The short piece concerning the demolition of vernacular and listed buildings in Northern Ireland (AJ 8.11.01) skirts around what is a very serious, and very depressing, situation.

Among the many issues faced on a daily basis by the Ulster Architectural Heritage Society and recently highlighted in the SAVE report 'Blink and You'll Miss It - Northern Ireland's Heritage in Danger', Austin Williams only chooses to dwell on two - the destruction of vernacular buildings and the delisting of buildings in general in the Province.

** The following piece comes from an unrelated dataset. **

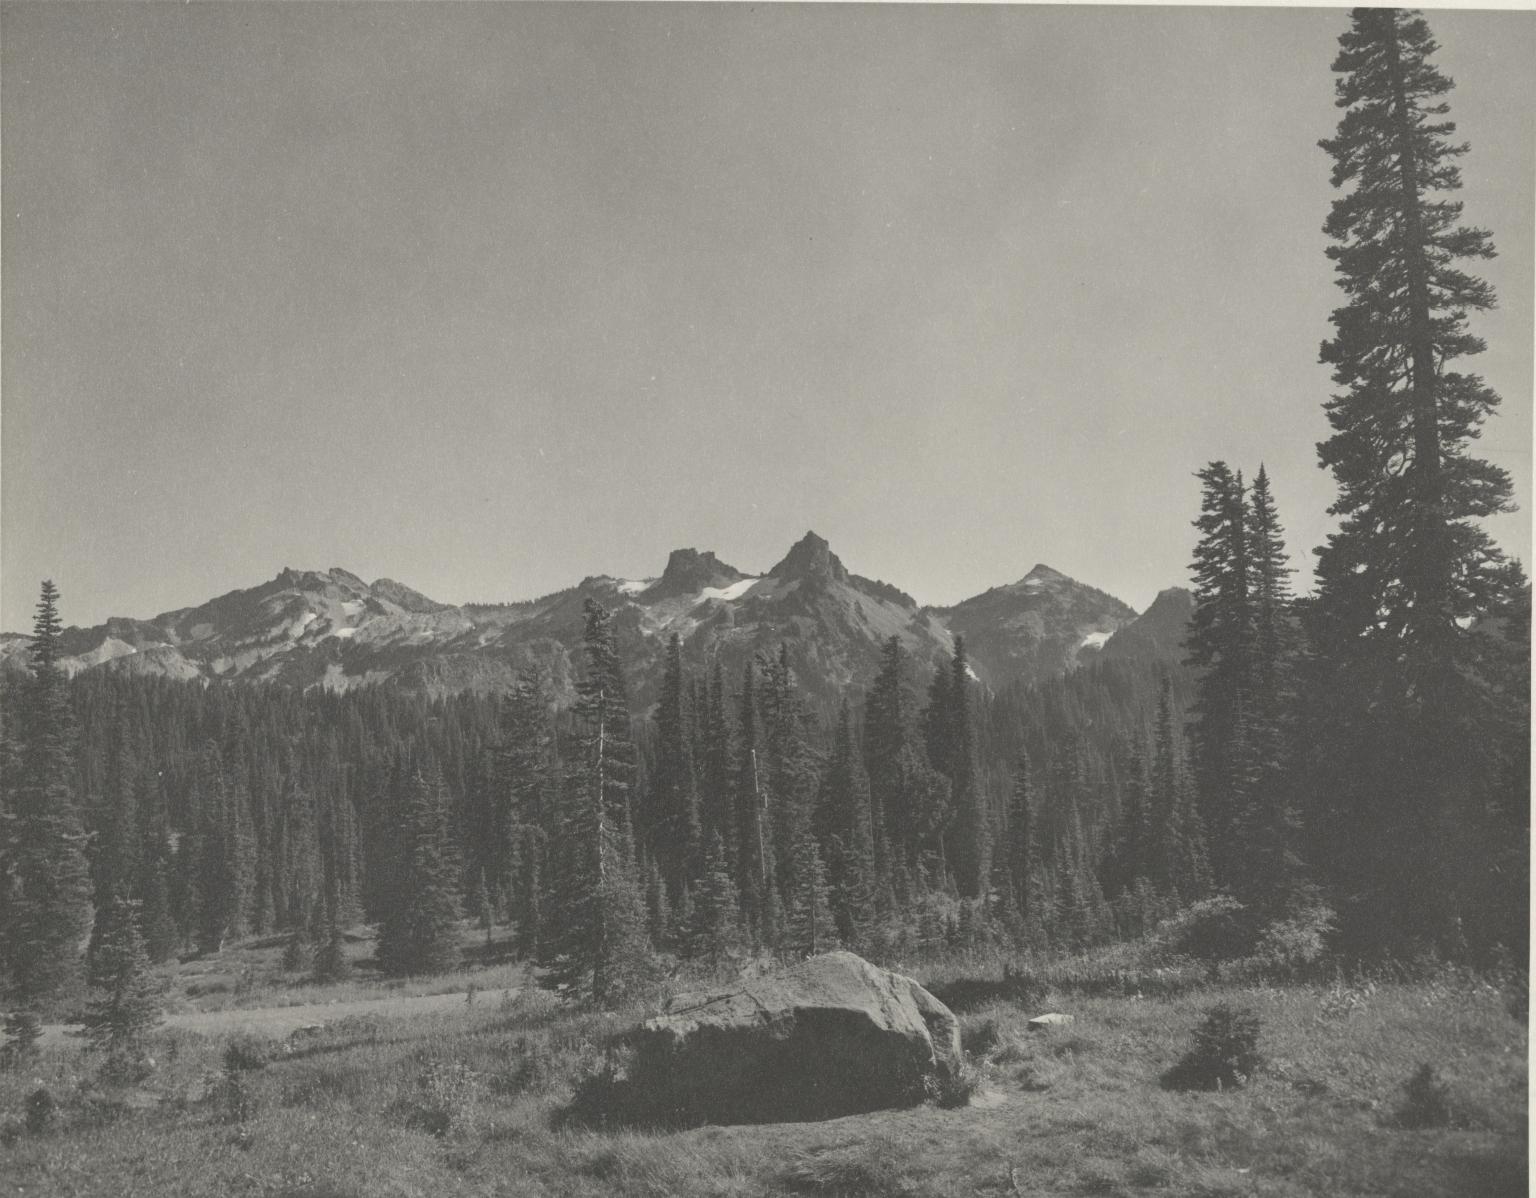 Tatoosh Range from Paradise Inn, Washington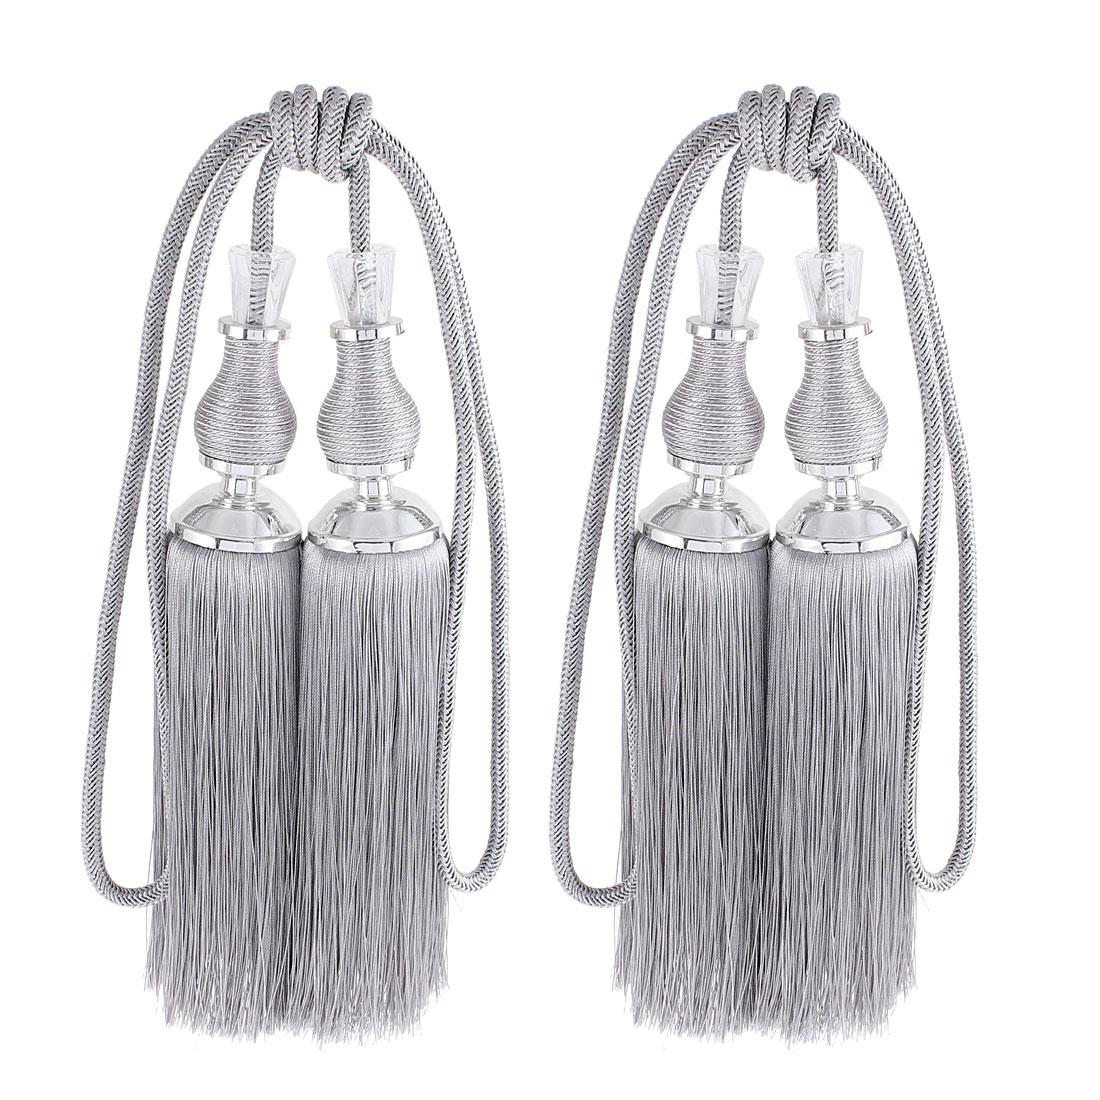 Drapery Curtain Dual Heads Tassel Tiebacks Gray Silver Tone 2Pcs

Listing criteria are largely based on those used in England so, in many cases, are not appropriate to Northern Ireland's built heritage, where small vernacular buildings are an essential part of the historic landscape. The government-sponsored vandalism that is wiping out an entire layer of history gives, through the inequity of the VAT system, more money to those who knock down their vernacular buildings (to replace them with similar sized bungalows) than to those who want to repair traditional buildings.

The standards by which traditional buildings are judged unfit include staircases that are too steep by modern standards and uneven floor surfaces. The playing field is far from level - it is entirely incorrect to say that these buildings have been 'reasonably destroyed'.

The issue of the delisting of historic buildings in the Province is nothing short of scandalous. Buildings have been delisted not because their core historic value has been permanently diminished, but for minor reasons, such as changes in fenestration which could, and should, be reversed. Instead of the owners being punished, it is the buildings that suffer - delisting is usually the signal for demolition and redevelopment.

On top of all this, the resurvey of buildings of historic and architectural significance in Northern Ireland has all but ground to a halt, and while the resurveys in England and Wales have resulted in an overall increase in the number of buildings being granted statutory protection, in Ulster the resurvey has so far led to a decrease.

At the root of this situation is a complete lack of political will to solve the situation. The statutory instruments available for the protection of historic buildings are very rarely used, and the Environment and Heritage Service (the body responsible for the historic environment) is hideously under-funded.

Action is required now but, true to form, the Department of the Environment's response to our report is somewhat overdue.